Why data-loss prevention tools scare the hell out of some

Though data-loss prevention gear is proving a boon for corporate security, its "see all, know all" style of content monitoring can cast a harsh glare on business practices and legal issues that end up putting information-technology staff on the spot.

DLP content-monitoring equipment often gets rave reviews from security managers deploying it because it can give them a view they never had before into their organization's daily business communications. It may present the big picture, zeroing in on where sensitive data slipped out and who did the deed. But chief security officers with months of DLP experience caution all this newfound knowledge can be disruptive, spotlighting internal data-management practices that incite concern about possible regulatory violations.

"You move from ignorance to compliance jeopardy," acknowledged Tony Spinelli, senior vice president of information security at credit information services firm Equifax, describing one impact that deploying DLP -- in this case, the Symantec Vontu equipment -- made at his firm. "A lot of regulations say when you know what's leaving your network, you have to disclose that."

Spinelli, who spoke on a panel at last month's RSA Conference on the topic, said in spite of the initial disruption caused by finding out about internal business data practices that had to be fixed, Equifax is now so accustomed to DLP content-monitoring that it's now considered just part of the security "hygiene," he said.

DLP also has played a role in bringing together the human resources, legal and security groups at Equifax to coordinate content-monitoring policy, he added.

Two other security managers who joined Spinelli at the RSA panel to discuss DLP also cited its disruptive influence.

"How do you look at your data, know your data and understand what you have? We never had tools to tell us what was happening and we relied on anecdotal evidence or audits to find out," said Patrick Lefemine, chief information security officer at Lincoln Financial Group, another Vontu user.

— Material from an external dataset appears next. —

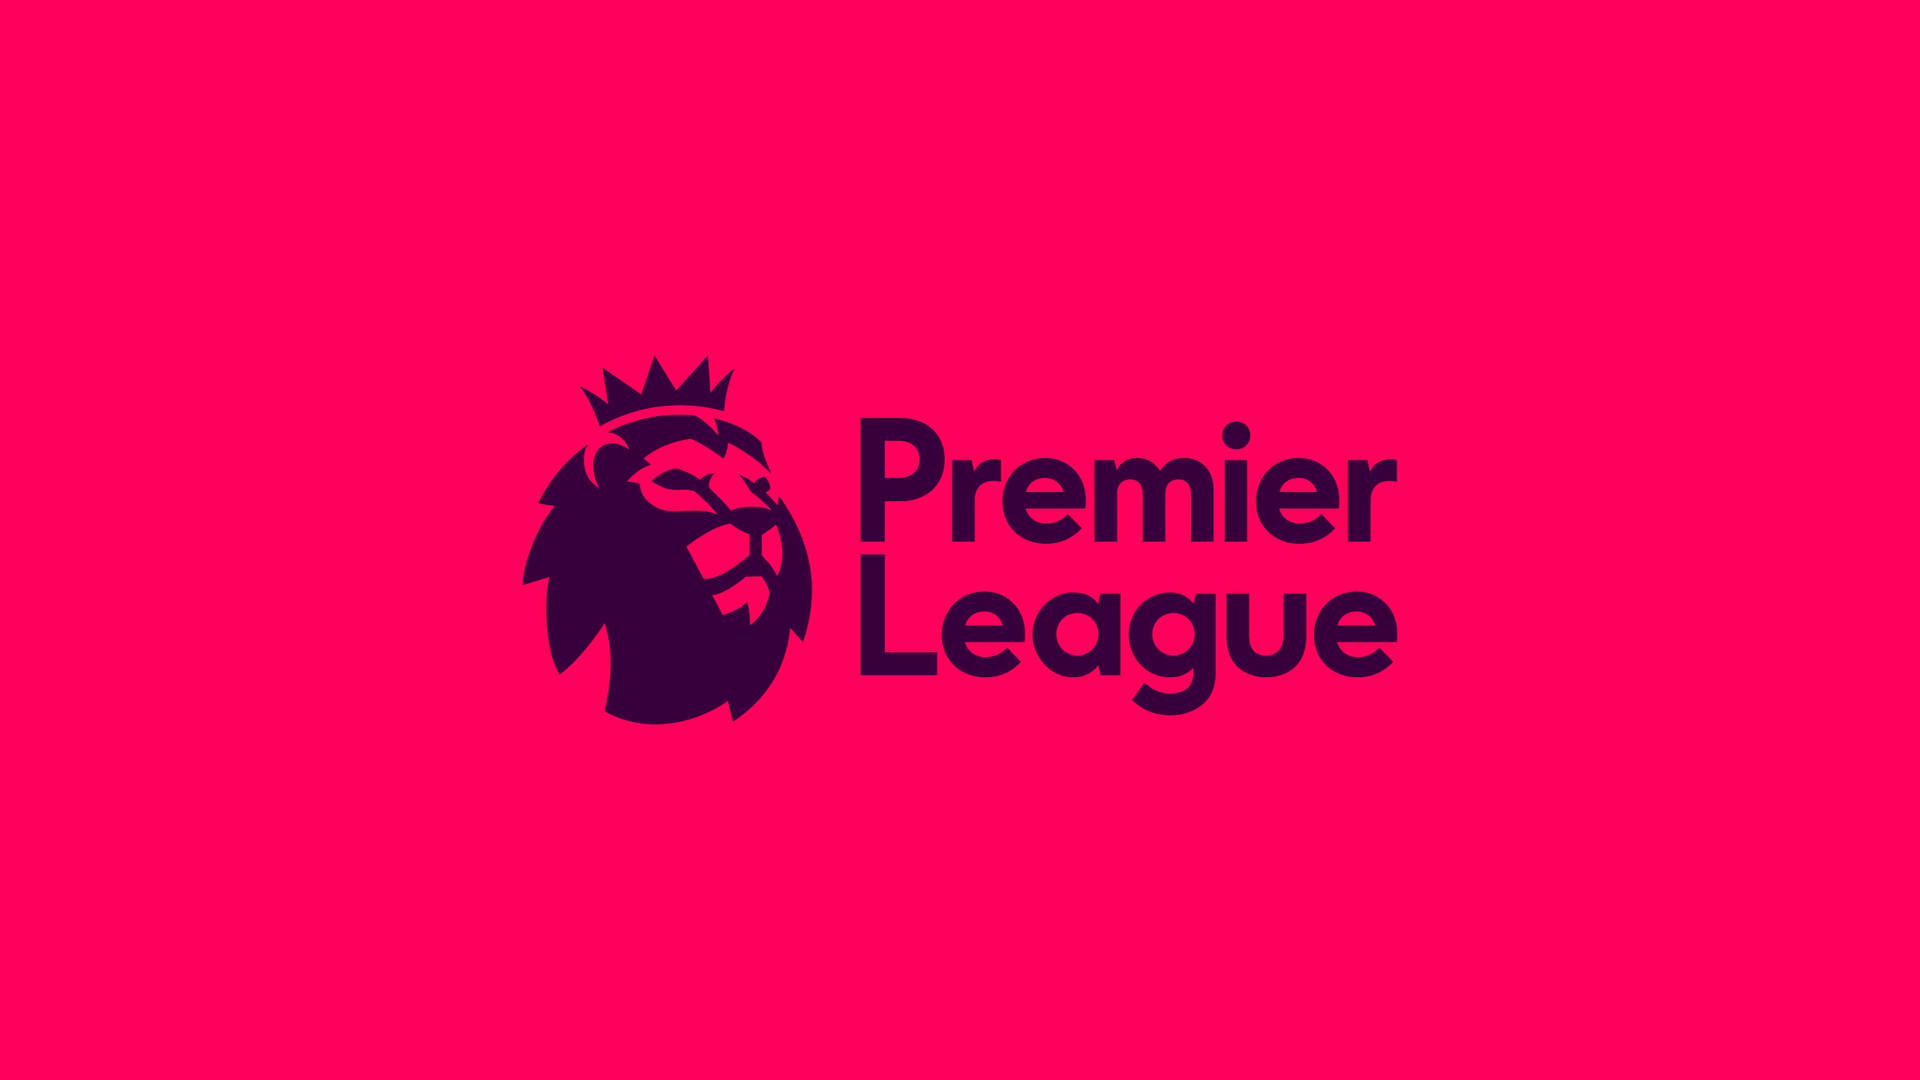 Premier League In Dark Pink

Lefemine acknowledged the initial piloted use of DLP "scared the hell" out of both management and IT staff, especially the time it spotted the CEO's salary, Social Security Number and home address being inadvertently transmitted. "That got us the funding for this project," he added.

Lefemine said one of the toughest realizations imparted by the hard wisdom of DLP was the need to stop the sharing of even a single unencrypted Social Security Number with business partners -- a demand pressed by Lincoln Financial Group's audit department after it discovered how powerful DLP was in monitoring content.

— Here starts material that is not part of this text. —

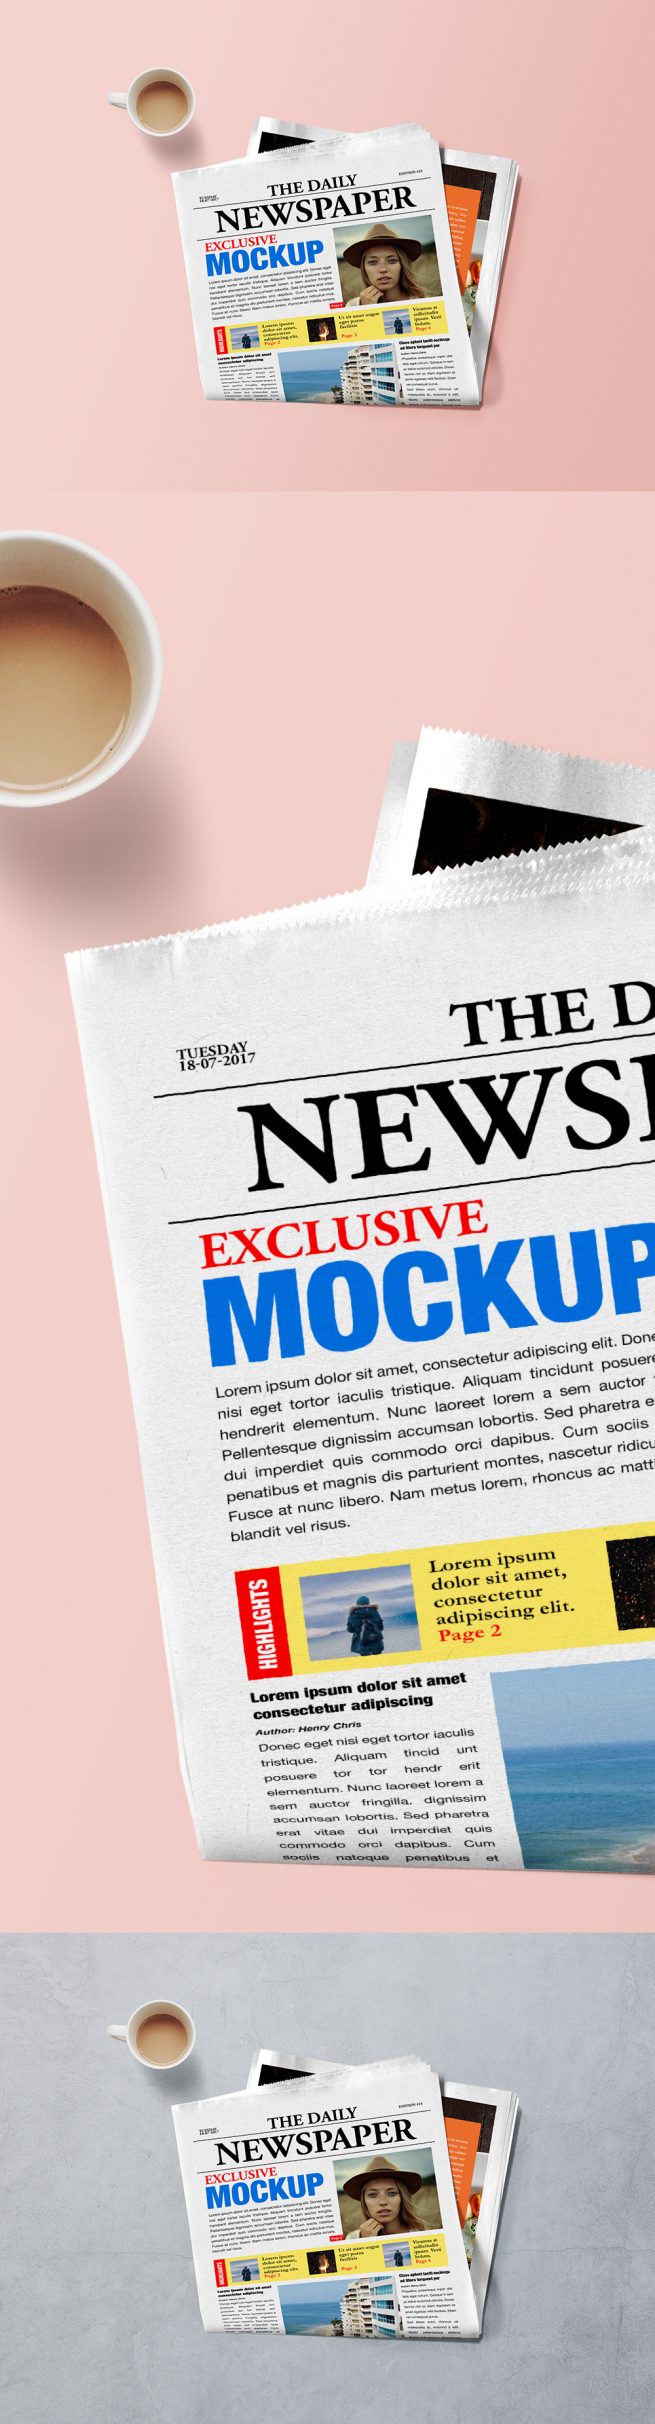 Newspaper Mockup PSD - GraphicsFuel

The third panel speaker, Rhonda MacLean, global information security officer at Barclays Bank, said use of the Vontu DLP highlighted the difficulty of conforming to the many cross-border data-flow regulations of Europe and elsewhere.

"The problem has gotten more complex," she said, noting Barclays Bank operates in 67 countries. "One incident could [set in motion] regulation dominoes." Though DLP can shed more light than you might like on corporate data practices, she commented, it does offer "a source for truth for data" so that needed changes can be made.